Wednesday 2 June 2021

Deliberate acts of cruelty against community cats in Singapore

A spate of deliberate acts of cruelty against community cats in Singapore is concerning to some residents. The type of wounds inflicted clearly indicate deliberate acts of violence against these cats. These are deep slash type wounds to their bodies. And it is not the first time this has happened. In this instance violence against cats has occurred in a residential district of Singapore called Ang Mo Kio. It is abbreviated as AMK. It is situated in the north-east of Singapore and is the third most populated planning area in the North-East region and ranks eighth in terms of population in the country overall.

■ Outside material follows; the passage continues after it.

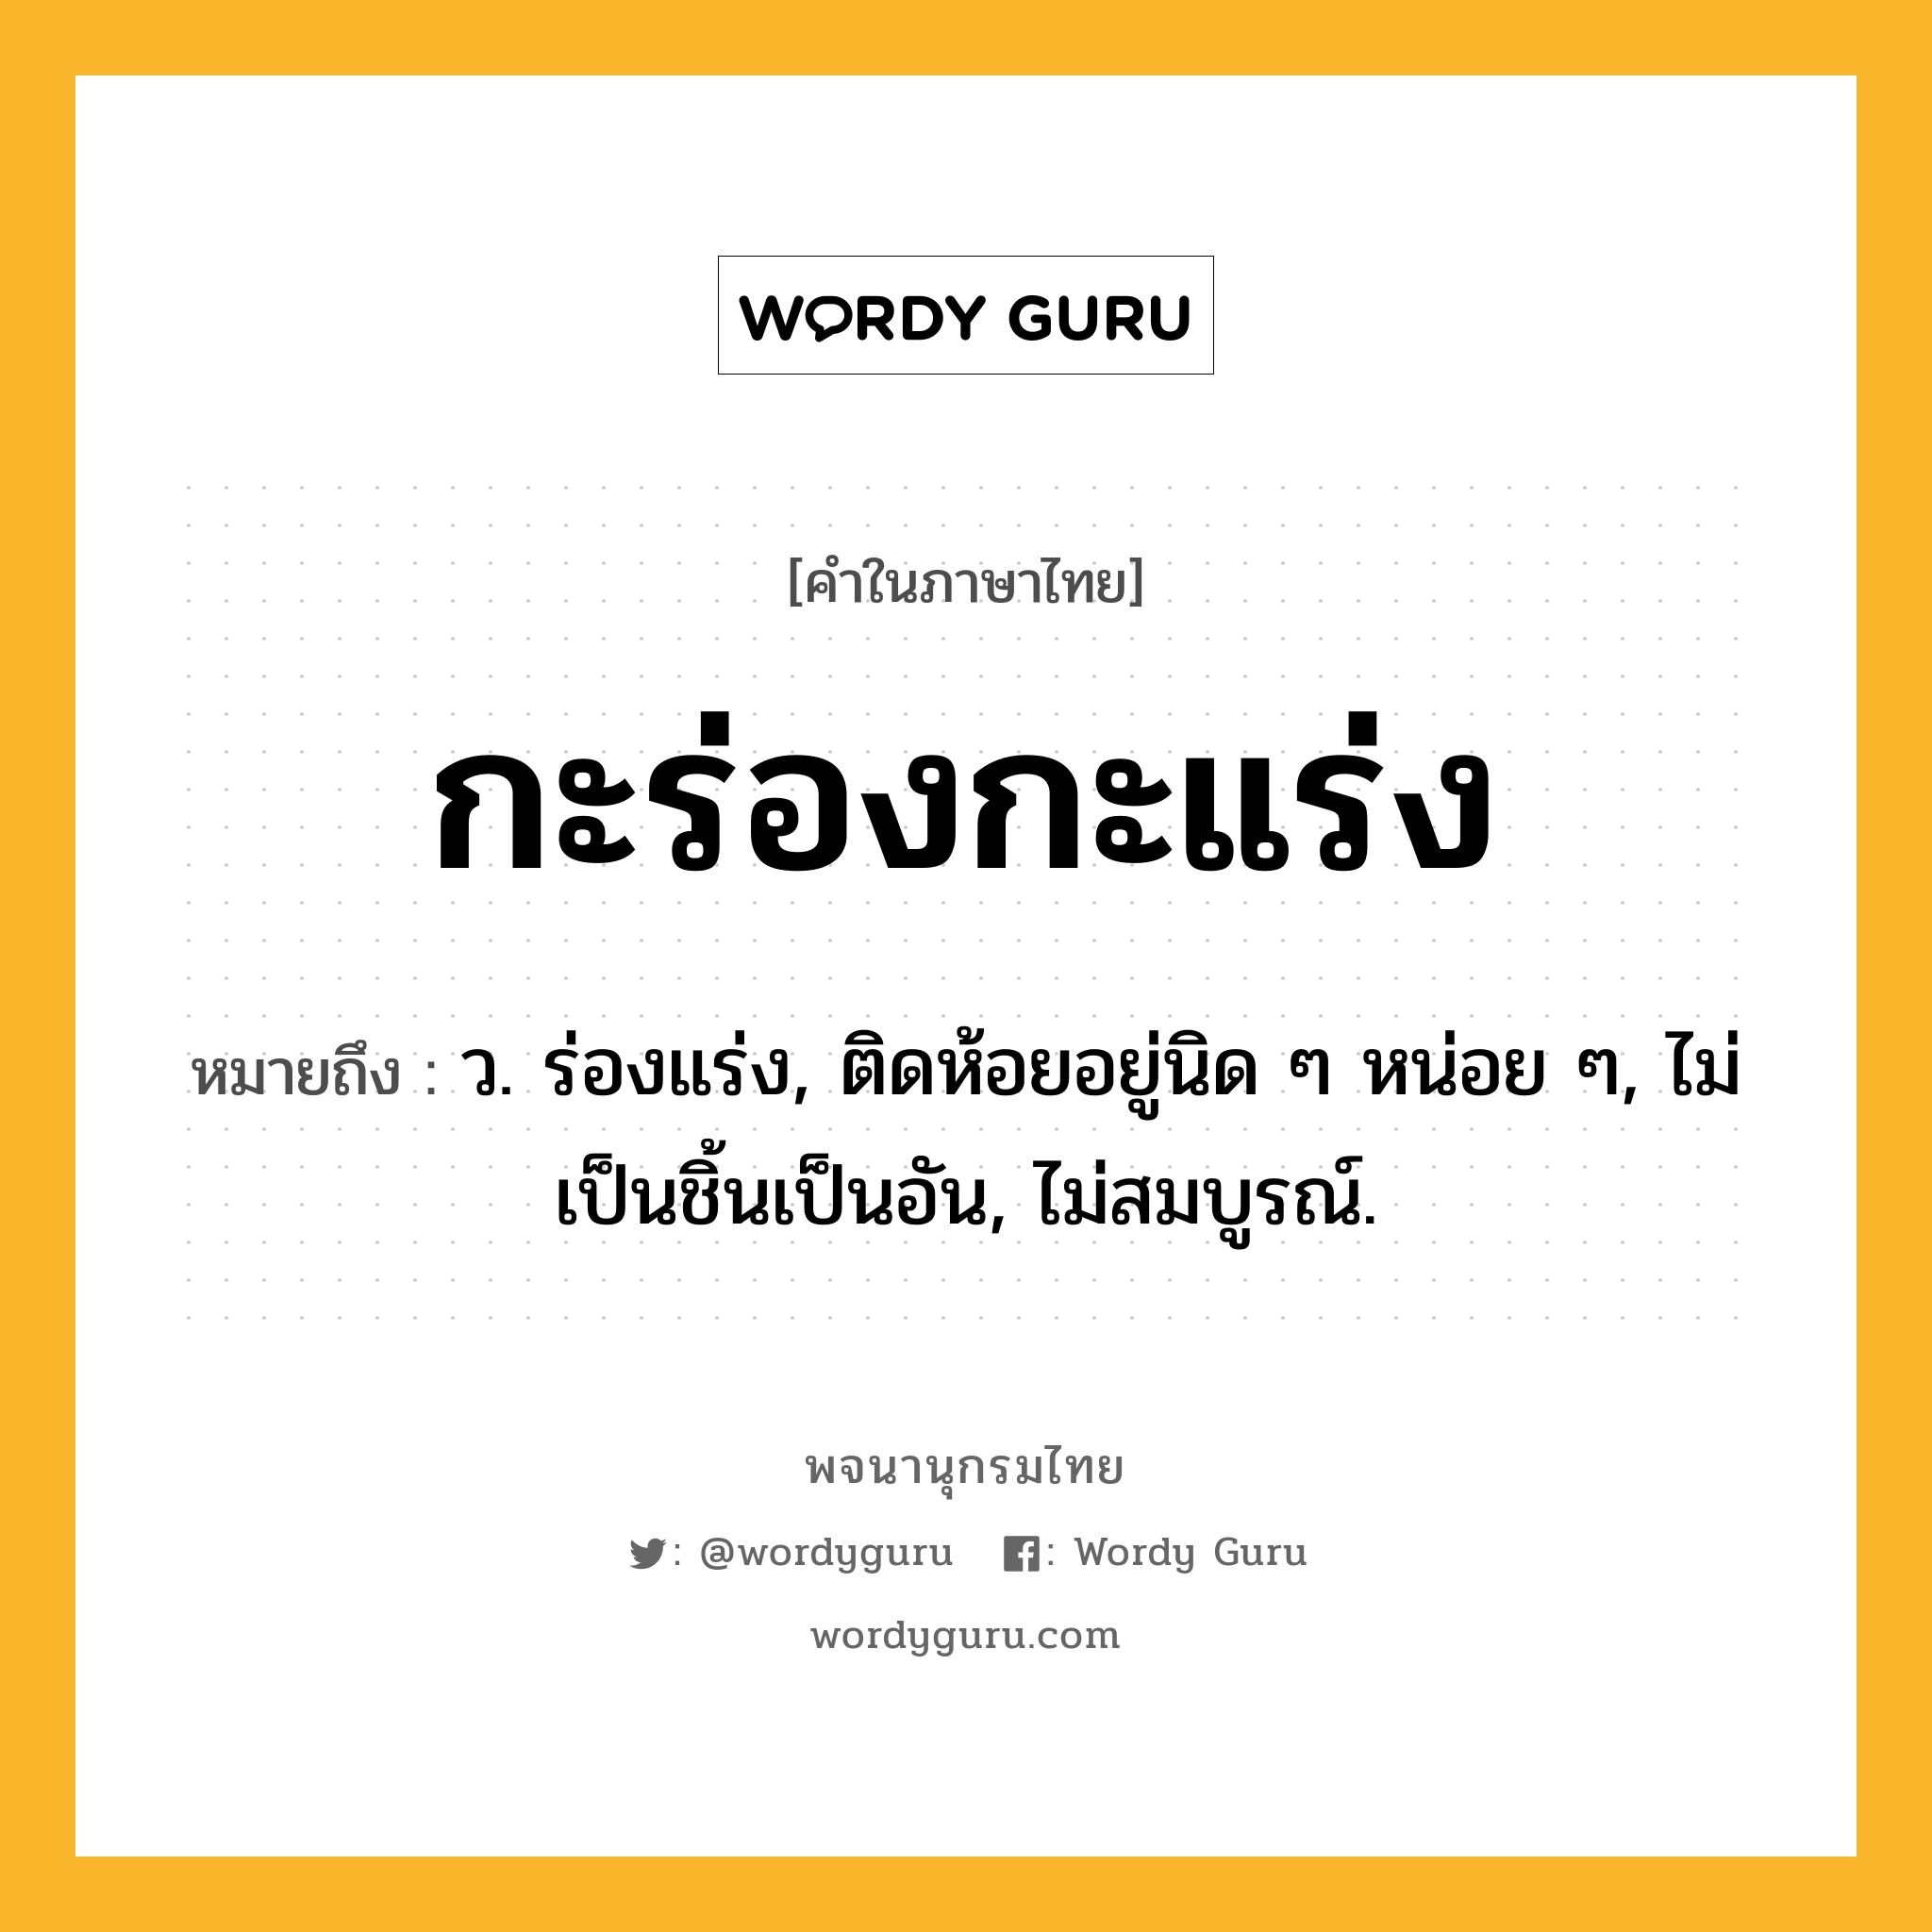 กะร่องกะแร่ง ความหมาย หมายถึงอะไร?, คำในภาษาไทย กะร่องกะแร่ง หมายถึง ว. ร่องแร่ง, ติดห้อยอยู่นิด ๆ หน่อย ๆ, ไม่เป็นชิ้นเป็นอัน, ไม่สมบูรณ์.

Ang Mo Kio cats have been slashed by abuser
Ang Mo Kio cats have been slashed by abuser. Photos: Ang Mo Kio South Caregivers and Feeders

To be perfectly frank, what is happening in Singapore happens all over the world in developed countries. It's identical. The overall scenario is absolutely typical. Society has abandoned cats through irresponsible cat ownership. These are domesticated cats. They become community cats and some of them produce offspring who become feral cats. The upshot is that you get cats without homes living on the streets and in this instance, it happens to be in a place which is known for its order and cleanliness. The authorities in Singapore like to keep the place squeaky-clean.

That attitude must filter down or it filters up from the population and so when cats 'litter the streets' of an orderly society it must irritate some people. And those people who are insensitive to animal welfare are liable to be driven to abuse against these animals. Set against that there are residents who are better-disciplined and realise that although the cats spoil the appearance of the place (in the eyes of some) they have a duty to act humanely towards them because society put them there. It is not the fault of the cats and therefore they should not be punished in any way.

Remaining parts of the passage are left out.